The pooled analysis demonstrated a comparable risk of stroke with DAPT and TAPT (RR: 1.51, 95% CI: 0.85 to 2.68, p = 0.16). Heterogeneity was low (I2 = 0%). A subgroup analysis was performed based on duration of follow-up which showed a non-significant difference across a follow-up of 1 month (RR: 6.95, 95% CI: 0.36 to 134.34, p = 0.20), 1 year (RR: 2.24, 95% CI: 0.82 to 6.15, p = 0.12), 18 months (RR: 1.41, 95% CI: 0.54 to 3.67, p = 0.48), and 2 years (RR: 0.86, 95% CI: 0.29 to 2.53, p = 0.78, Pinteraction = 0.44). Figure S6.

Stent thrombosis

The pooled analysis demonstrated a comparable risk of stent thrombosis with DAPT and TAPT (RR: 0.64, 95% CI: 0.26 to 1.55, p = 0.32). Heterogeneity was low (I2 = 0%). The subgroup based on the duration of follow-up showed a non-significant difference across a follow-up of 1 month (RR: 1.49, 95% CI: 0.25 to 8.89, p = 0.66), 1 year (RR: 0.48, 95% CI: 0.13 to 1.73, p = 0.26), and 18 months (RR: 0.49, 95% CI: 0.09 to 2.68, p = 0.41, Pinteraction = 0.57). Figure S7.

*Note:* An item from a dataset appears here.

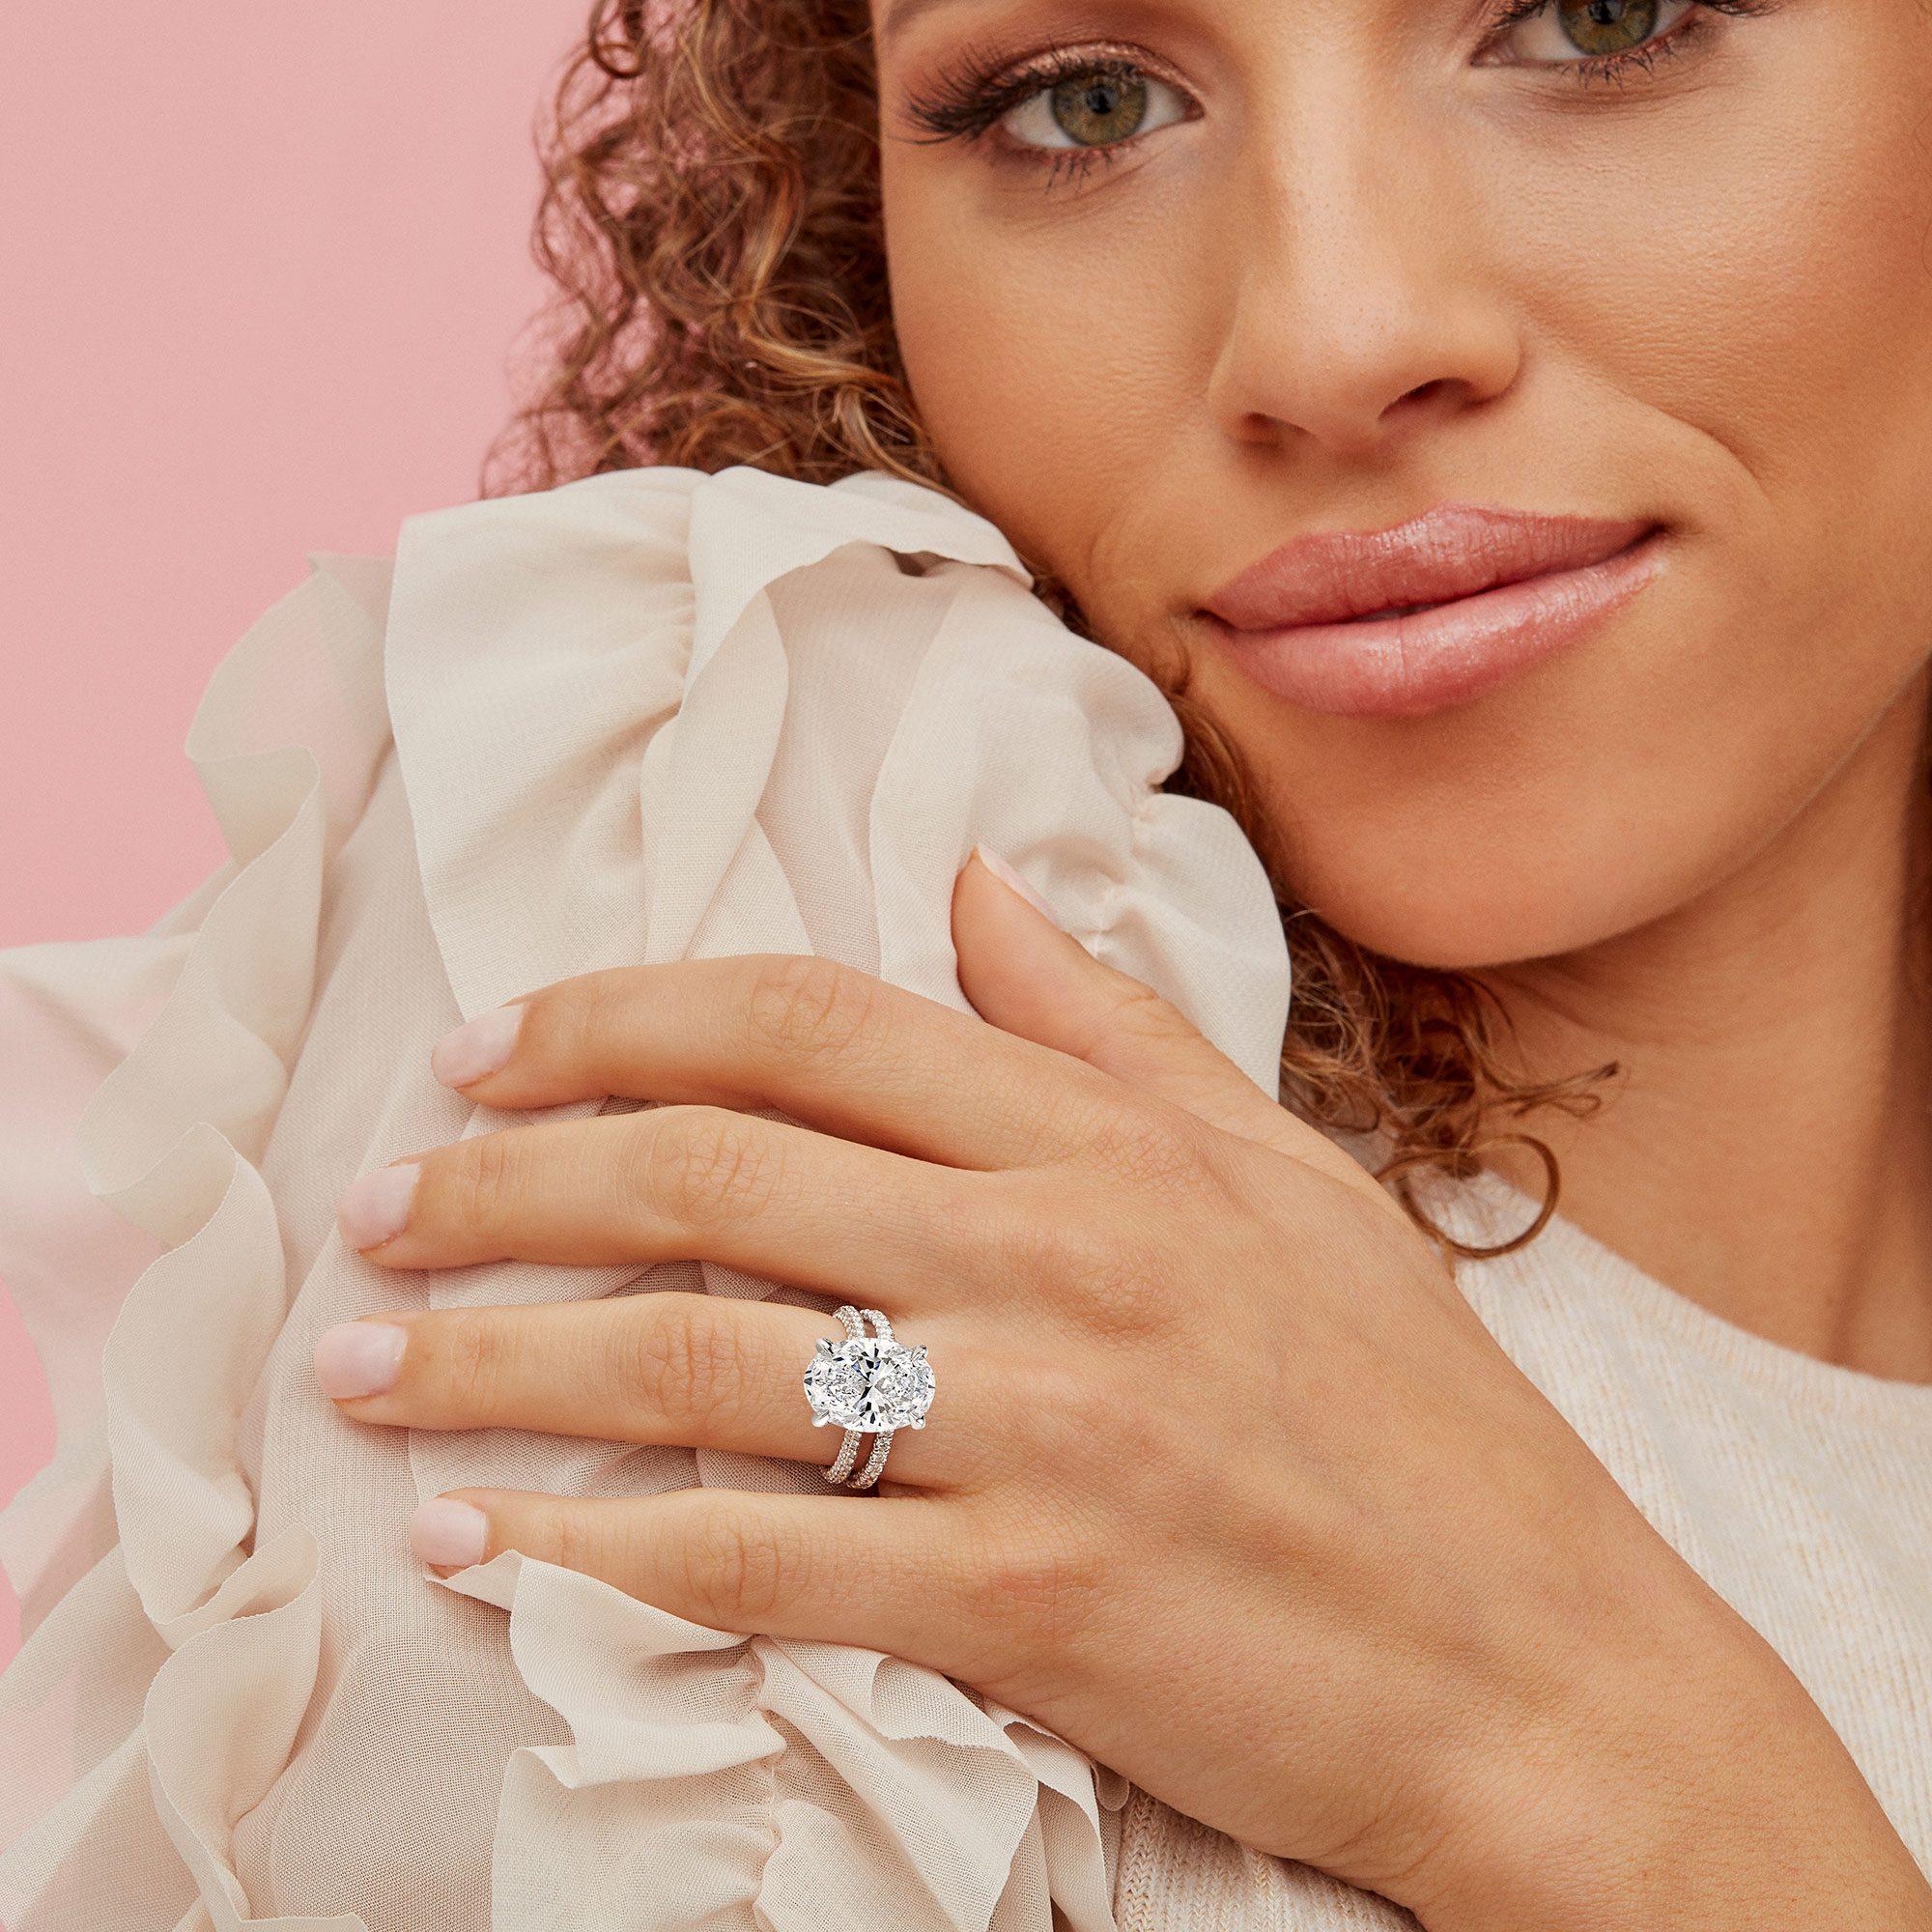 Jacqueline Oval Lab Grown Diamond Ring on Hand Model

Target vessel revascularization

The pooled analysis demonstrated a trend of increased risk of target vessel revascularization with DAPT compared to TAPT without reaching statistical significance (RR: 1.61, 95% CI: 1.00 to 2.58, p = 0.05). Heterogeneity was low (I2 = 41%). The relative risk remained nonsignificant for myocardial infarction at 1-year RR: 1.45, 95% CI: 0.89 to 2.35, p = 0.13). At 18 months, a significantly increased risk was observed in the DAPT group (RR: 3.21, 95% CI: 1.06 to 9.76, p = 0.04). The difference between subgroups was non-significant (Pinteraction = 0.20). Figure S8.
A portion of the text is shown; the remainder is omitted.